Source material Start Marker

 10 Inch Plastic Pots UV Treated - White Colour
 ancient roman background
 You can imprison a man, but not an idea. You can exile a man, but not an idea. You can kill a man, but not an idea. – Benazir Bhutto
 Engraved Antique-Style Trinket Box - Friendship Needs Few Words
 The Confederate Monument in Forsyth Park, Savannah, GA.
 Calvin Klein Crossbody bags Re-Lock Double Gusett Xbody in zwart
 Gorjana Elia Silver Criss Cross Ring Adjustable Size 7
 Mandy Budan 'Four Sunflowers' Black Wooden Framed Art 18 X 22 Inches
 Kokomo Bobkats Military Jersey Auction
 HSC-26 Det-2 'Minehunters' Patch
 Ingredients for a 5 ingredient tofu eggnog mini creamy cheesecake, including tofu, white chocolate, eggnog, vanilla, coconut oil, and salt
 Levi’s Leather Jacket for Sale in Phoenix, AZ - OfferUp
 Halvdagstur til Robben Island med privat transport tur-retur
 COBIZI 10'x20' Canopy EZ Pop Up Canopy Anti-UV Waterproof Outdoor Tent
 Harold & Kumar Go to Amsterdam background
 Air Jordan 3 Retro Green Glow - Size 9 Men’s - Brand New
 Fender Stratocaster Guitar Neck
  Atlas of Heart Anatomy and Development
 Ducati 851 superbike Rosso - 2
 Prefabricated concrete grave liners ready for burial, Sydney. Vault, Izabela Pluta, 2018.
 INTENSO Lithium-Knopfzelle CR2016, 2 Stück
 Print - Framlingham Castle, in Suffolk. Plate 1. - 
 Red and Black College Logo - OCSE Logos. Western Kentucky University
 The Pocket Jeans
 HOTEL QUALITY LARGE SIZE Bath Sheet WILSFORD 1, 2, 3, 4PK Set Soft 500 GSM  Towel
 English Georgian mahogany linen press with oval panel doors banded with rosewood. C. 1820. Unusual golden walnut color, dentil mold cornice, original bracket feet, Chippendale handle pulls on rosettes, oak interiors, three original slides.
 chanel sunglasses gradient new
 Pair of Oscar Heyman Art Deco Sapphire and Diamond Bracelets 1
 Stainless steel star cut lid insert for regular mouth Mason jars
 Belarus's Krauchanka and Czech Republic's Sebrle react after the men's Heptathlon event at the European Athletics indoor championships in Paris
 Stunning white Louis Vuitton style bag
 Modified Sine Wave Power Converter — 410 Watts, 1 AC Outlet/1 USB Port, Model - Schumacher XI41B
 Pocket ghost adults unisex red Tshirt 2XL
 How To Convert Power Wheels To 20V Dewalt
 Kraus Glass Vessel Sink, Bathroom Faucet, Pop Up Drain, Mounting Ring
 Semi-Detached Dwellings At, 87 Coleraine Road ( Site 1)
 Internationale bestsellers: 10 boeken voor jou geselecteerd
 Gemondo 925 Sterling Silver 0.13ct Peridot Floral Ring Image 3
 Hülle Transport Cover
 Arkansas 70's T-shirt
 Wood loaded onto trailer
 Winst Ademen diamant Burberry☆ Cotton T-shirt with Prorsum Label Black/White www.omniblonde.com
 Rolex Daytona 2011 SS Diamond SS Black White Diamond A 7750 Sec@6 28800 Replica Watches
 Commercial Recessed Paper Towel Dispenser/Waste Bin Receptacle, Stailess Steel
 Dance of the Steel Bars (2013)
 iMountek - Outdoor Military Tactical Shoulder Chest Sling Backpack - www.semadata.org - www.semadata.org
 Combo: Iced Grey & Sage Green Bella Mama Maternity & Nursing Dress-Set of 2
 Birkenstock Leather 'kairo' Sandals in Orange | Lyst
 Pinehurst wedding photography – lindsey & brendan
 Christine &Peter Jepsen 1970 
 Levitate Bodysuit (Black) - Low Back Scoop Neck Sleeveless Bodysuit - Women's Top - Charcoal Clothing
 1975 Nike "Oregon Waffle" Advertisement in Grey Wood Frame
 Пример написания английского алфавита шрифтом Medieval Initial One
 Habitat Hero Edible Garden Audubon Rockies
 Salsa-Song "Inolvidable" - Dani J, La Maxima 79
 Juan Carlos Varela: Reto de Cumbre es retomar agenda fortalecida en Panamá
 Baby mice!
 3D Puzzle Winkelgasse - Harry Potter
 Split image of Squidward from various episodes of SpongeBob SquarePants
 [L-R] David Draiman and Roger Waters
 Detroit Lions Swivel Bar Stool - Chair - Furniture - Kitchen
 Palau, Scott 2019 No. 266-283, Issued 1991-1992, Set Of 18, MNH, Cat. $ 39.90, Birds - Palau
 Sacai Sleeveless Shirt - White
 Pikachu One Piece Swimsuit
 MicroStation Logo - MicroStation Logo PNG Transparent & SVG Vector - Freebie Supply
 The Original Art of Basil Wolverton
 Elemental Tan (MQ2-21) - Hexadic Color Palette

Source material End Marker

Problem description. Quote all of the entries exactly as they appear.

Solution for this task.
 10 Inch Plastic Pots UV Treated - White Colour
 ancient roman background
 You can imprison a man, but not an idea. You can exile a man, but not an idea. You can kill a man, but not an idea. – Benazir Bhutto
 Engraved Antique-Style Trinket Box - Friendship Needs Few Words
 The Confederate Monument in Forsyth Park, Savannah, GA.
 Calvin Klein Crossbody bags Re-Lock Double Gusett Xbody in zwart
 Gorjana Elia Silver Criss Cross Ring Adjustable Size 7
 Mandy Budan 'Four Sunflowers' Black Wooden Framed Art 18 X 22 Inches
 Kokomo Bobkats Military Jersey Auction
 HSC-26 Det-2 'Minehunters' Patch
 Ingredients for a 5 ingredient tofu eggnog mini creamy cheesecake, including tofu, white chocolate, eggnog, vanilla, coconut oil, and salt
 Levi’s Leather Jacket for Sale in Phoenix, AZ - OfferUp
 Halvdagstur til Robben Island med privat transport tur-retur
 COBIZI 10'x20' Canopy EZ Pop Up Canopy Anti-UV Waterproof Outdoor Tent
 Harold & Kumar Go to Amsterdam background
 Air Jordan 3 Retro Green Glow - Size 9 Men’s - Brand New
 Fender Stratocaster Guitar Neck
  Atlas of Heart Anatomy and Development
 Ducati 851 superbike Rosso - 2
 Prefabricated concrete grave liners ready for burial, Sydney. Vault, Izabela Pluta, 2018.
 INTENSO Lithium-Knopfzelle CR2016, 2 Stück
 Print - Framlingham Castle, in Suffolk. Plate 1. - 
 Red and Black College Logo - OCSE Logos. Western Kentucky University
 The Pocket Jeans
 HOTEL QUALITY LARGE SIZE Bath Sheet WILSFORD 1, 2, 3, 4PK Set Soft 500 GSM  Towel
 English Georgian mahogany linen press with oval panel doors banded with rosewood. C. 1820. Unusual golden walnut color, dentil mold cornice, original bracket feet, Chippendale handle pulls on rosettes, oak interiors, three original slides.
 chanel sunglasses gradient new
 Pair of Oscar Heyman Art Deco Sapphire and Diamond Bracelets 1
 Stainless steel star cut lid insert for regular mouth Mason jars
 Belarus's Krauchanka and Czech Republic's Sebrle react after the men's Heptathlon event at the European Athletics indoor championships in Paris
 Stunning white Louis Vuitton style bag
 Modified Sine Wave Power Converter — 410 Watts, 1 AC Outlet/1 USB Port, Model - Schumacher XI41B
 Pocket ghost adults unisex red Tshirt 2XL
 How To Convert Power Wheels To 20V Dewalt
 Kraus Glass Vessel Sink, Bathroom Faucet, Pop Up Drain, Mounting Ring
 Semi-Detached Dwellings At, 87 Coleraine Road ( Site 1)
 Internationale bestsellers: 10 boeken voor jou geselecteerd
 Gemondo 925 Sterling Silver 0.13ct Peridot Floral Ring Image 3
 Hülle Transport Cover
 Arkansas 70's T-shirt
 Wood loaded onto trailer
 Winst Ademen diamant Burberry☆ Cotton T-shirt with Prorsum Label Black/White www.omniblonde.com
 Rolex Daytona 2011 SS Diamond SS Black White Diamond A 7750 Sec@6 28800 Replica Watches
 Commercial Recessed Paper Towel Dispenser/Waste Bin Receptacle, Stailess Steel
 Dance of the Steel Bars (2013)
 iMountek - Outdoor Military Tactical Shoulder Chest Sling Backpack - www.semadata.org - www.semadata.org
 Combo: Iced Grey & Sage Green Bella Mama Maternity & Nursing Dress-Set of 2
 Birkenstock Leather 'kairo' Sandals in Orange | Lyst
 Pinehurst wedding photography – lindsey & brendan
 Christine &Peter Jepsen 1970 
 Levitate Bodysuit (Black) - Low Back Scoop Neck Sleeveless Bodysuit - Women's Top - Charcoal Clothing
 1975 Nike "Oregon Waffle" Advertisement in Grey Wood Frame
 Пример написания английского алфавита шрифтом Medieval Initial One
 Habitat Hero Edible Garden Audubon Rockies
 Salsa-Song "Inolvidable" - Dani J, La Maxima 79
 Juan Carlos Varela: Reto de Cumbre es retomar agenda fortalecida en Panamá
 Baby mice!
 3D Puzzle Winkelgasse - Harry Potter
 Split image of Squidward from various episodes of SpongeBob SquarePants
 [L-R] David Draiman and Roger Waters
 Detroit Lions Swivel Bar Stool - Chair - Furniture - Kitchen
 Palau, Scott 2019 No. 266-283, Issued 1991-1992, Set Of 18, MNH, Cat. $ 39.90, Birds - Palau
 Sacai Sleeveless Shirt - White
 Pikachu One Piece Swimsuit
 MicroStation Logo - MicroStation Logo PNG Transparent & SVG Vector - Freebie Supply
 The Original Art of Basil Wolverton
 Elemental Tan (MQ2-21) - Hexadic Color Palette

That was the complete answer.